89 \section{Windows time APIs}
90 \label{sec:windowsApis}
92 Having introduced the underlying hardware, we now examine the multitude of Windows timing APIs, their overhead, and how they map to these time sources. The relevant functions are:
93 \begin{description}
94 \item[GTC] \id{GetTickCount} returns a counter incremented during every (PIT) clock interrupt. Overhead is 10~cycles (load, mul, shift).
95 \item[GSTAFT] \id{GetSystemTimeAsFileTime} is also updated during clock interrupts, but returns the system time (subject to NTP adjustment) in higher resolution units (hectonanoseconds). Each call takes 6~clocks (64-bit load/store + synchronization\footnote{The system time is mapped into process memory. GSTAFT must make sure it returns consistent results because the value can change at any time and 64-bit reads may not be atomic. This is done here by comparing against a second copy of the MSW, and reading again if it is different (avoids the need for a spin lock).}).

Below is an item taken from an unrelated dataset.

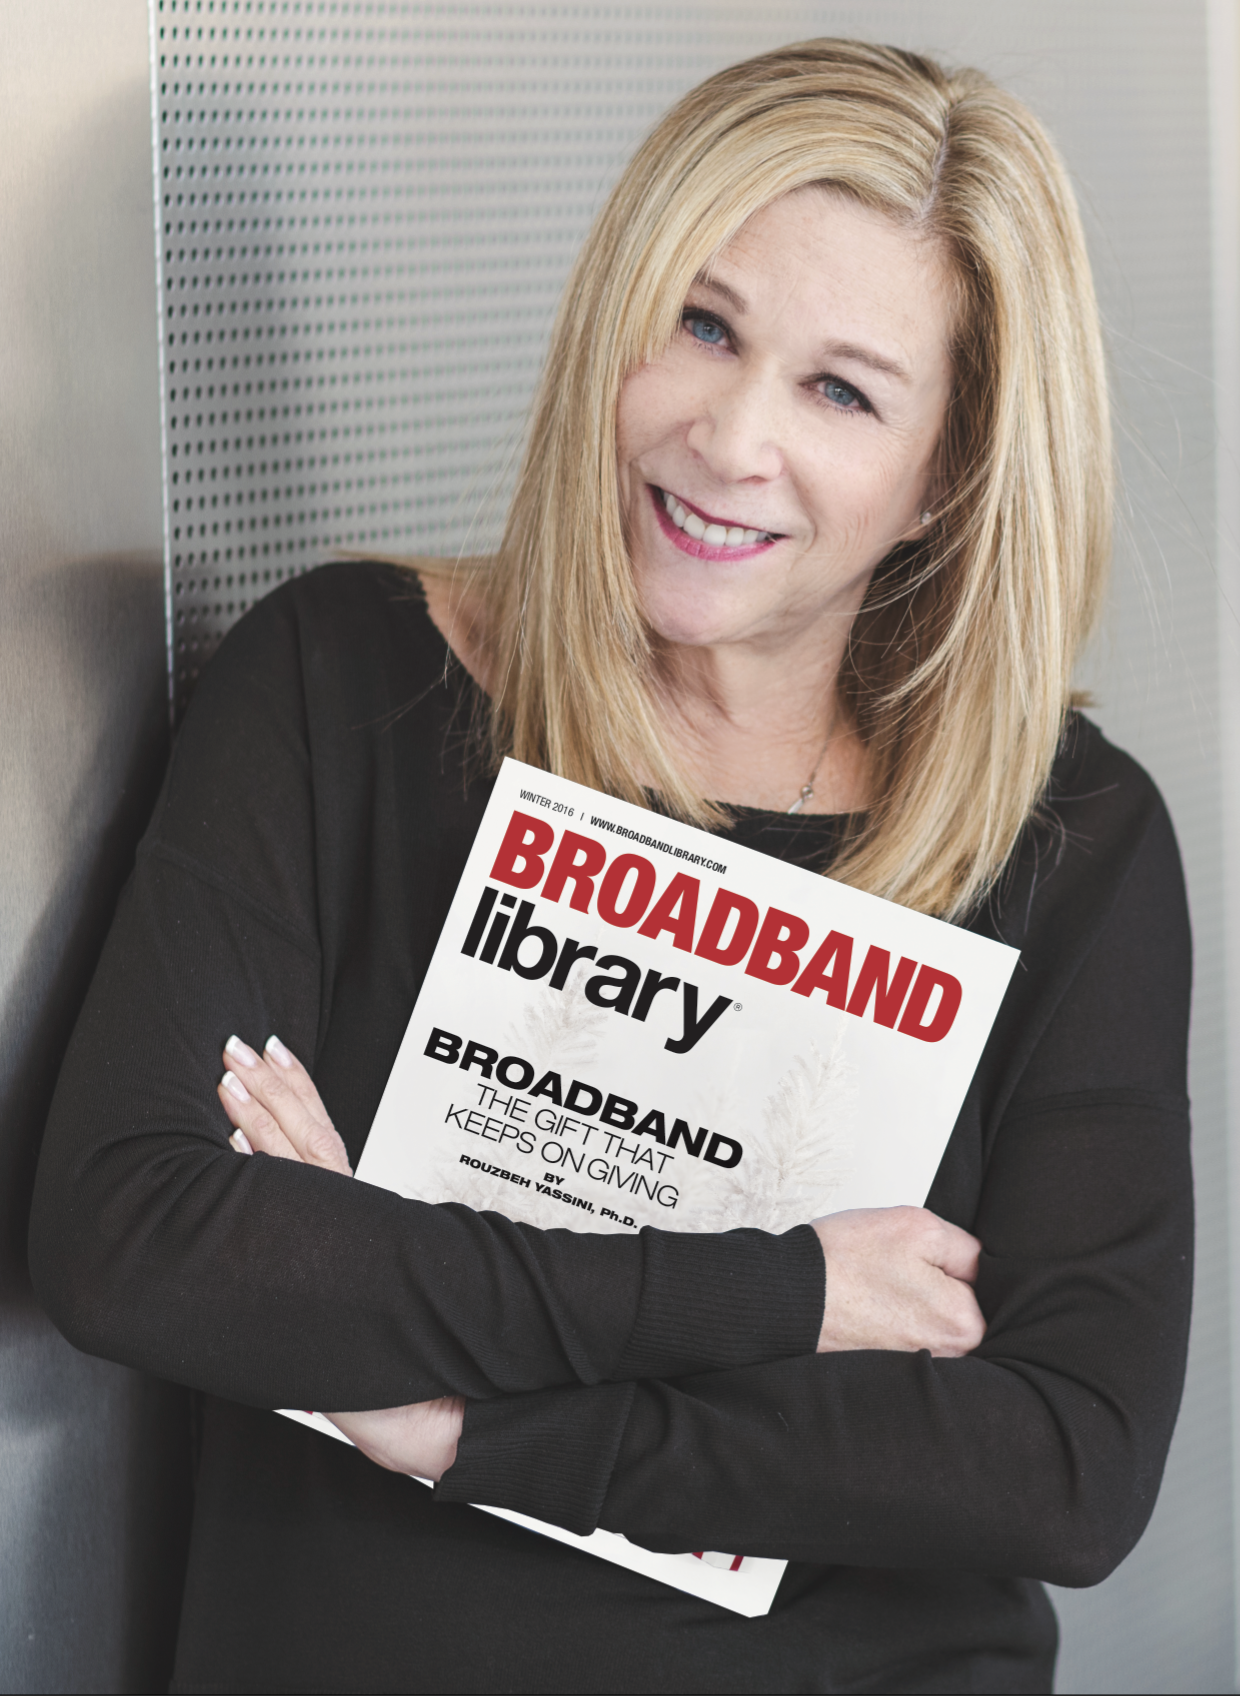 Cathy Wilson founder Broadband Library

96 \item[TGT] \id{timeGetTime} is a third interrupt-based timer. Its resolution can be improved to 1~ms via \id{timeBeginPeriod} by speeding up the interrupt rate\footnote{Note that this comes at the price of system slowdown -- interrupt latency goes up and the CPU cache suffers. \citep{mm-timer} mentions offhand that 1000~Hz interrupt rates incur `serious' overhead, corroborated by findings of 14~\% indirect slowdown by \citet{failurePeriodicTimers}}. This function takes 40~cycles; I have not analysed what it does in detail.
97 \pagebreak
98 \item[QPC] \id{QueryPerformanceCounter} is the main platform-independent means of accessing hardware timers. The various versions of Windows differ in their choice of timer: PIT (Win2k), PMT (WinXP), HPET (Vista) or TSC (SMP HAL\footnote{Hardware Abstraction Layer for Symmetric MultiProcessing systems}).
99 \end{description}
101 Note that C library functions such as \id{\_ftime} and \id{clock} are built on top of GSTAFT.
104 \section{Pitfalls}
105 \label{sec:pitfalls}
107 What potential problems do applications face when using these functions? This discussion centers on the above APIs, but most issues are caused by hardware flaws and are therefore not specific to Windows.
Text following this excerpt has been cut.